Matangi: Experiencing Equality
by Anita Das
Today in Dalit history, we revisit the story of a bhikkuni, or a Buddhist nun, from the “untouchable” Matang caste. She was variously written in Buddhist sciptures as Prakirti, Chandalika, or just Matangi.
Matangi’s brush with Buddhism began on a day when she was drawing water from a well. Ananda, one of the Buddha’s closest disciples, was was walking by her neighborhood, when he saw Matangi with water pots. Thirsty, he asked her for water. Matangi was nervous and fearful at this request. She knew what happened to her people when they shared water with the “upper” castes.
“I cannot give you water. Do you not see that I am from an untouchable caste?”
Ananda, calmly replied, “ I did not ask you for your caste — I asked you for water to drink.”
This whole request was new to her. She couldn’t believe someone thought it fine to drink water from her. She knew the lines society had drawn and her place in it. She was a Matang woman whose fundamental humanity had always been shunned. So why was this stranger breaking these ritual norms, she wondered.
Her curiosity got the best of her, and she began to ask Ananda a hundred questions — Where was he from? Why was he there? What religion did he practice that allowed him to drink from an untouchable’s hand?
This unusual reception of her humanity, her first experience of equality, was profound and caused her to fall in love with Ananda. As he was a celibate monk of the Buddha’s order, he led her to the Buddha.
After spending time in the presence of the Buddha and learning about Buddhism, she realized that her love for Ananda was, in fact, a reflection of a love for deeper existential equity. She then asked the Buddha to allow her to join the sangha as a bhikkuni. The Buddha welcomed her into the fold and it is at this moment, that she is said to have become one of the earliest bhikkunis of the Sangha.
In her time in the sangha, she continued to challege and redefine social inequality. Aninteresting debate is recorded upon her induction into the sangha, the once-Brahmin King Prasanjit and other former Kshatriya members of the Sangha staged a protest.

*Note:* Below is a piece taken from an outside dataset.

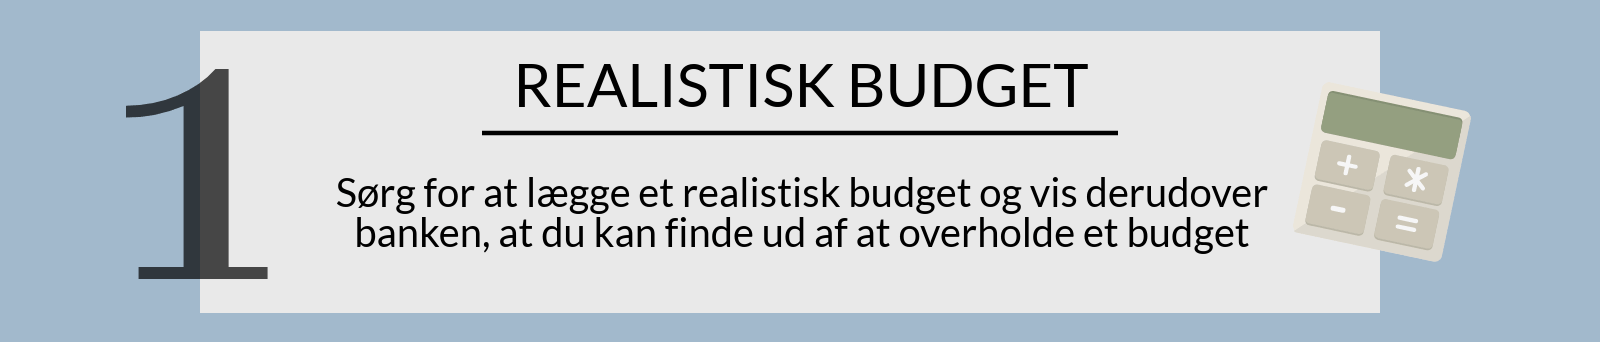 Realistisk budget

“Lord, a Brahmin and a Chandala (untouchable) cannot worship together! They cannot even share space together!” They reprimanded the Buddha for this conduct.
However, the Buddha replied, “The Brahmin is not born of friction between pieces of dry wood, he does not descend from the sky or the wind and does not arise piercing the earth. A Brahmin is born from a womb just as a Chandala is. Nature itself contradicts the assumptions of inequalities between people. She shall stay and she shall serve the Sangha!”
Matangi’s story documents the fortitude of early “untouchable” women and the possibilities that, at the time, new and revolutionary faiths like Buddhism, offered to change the lives of the oppressed.
Anita Das is an independant scholar interested in women and the liberatory traditions of Buddhism.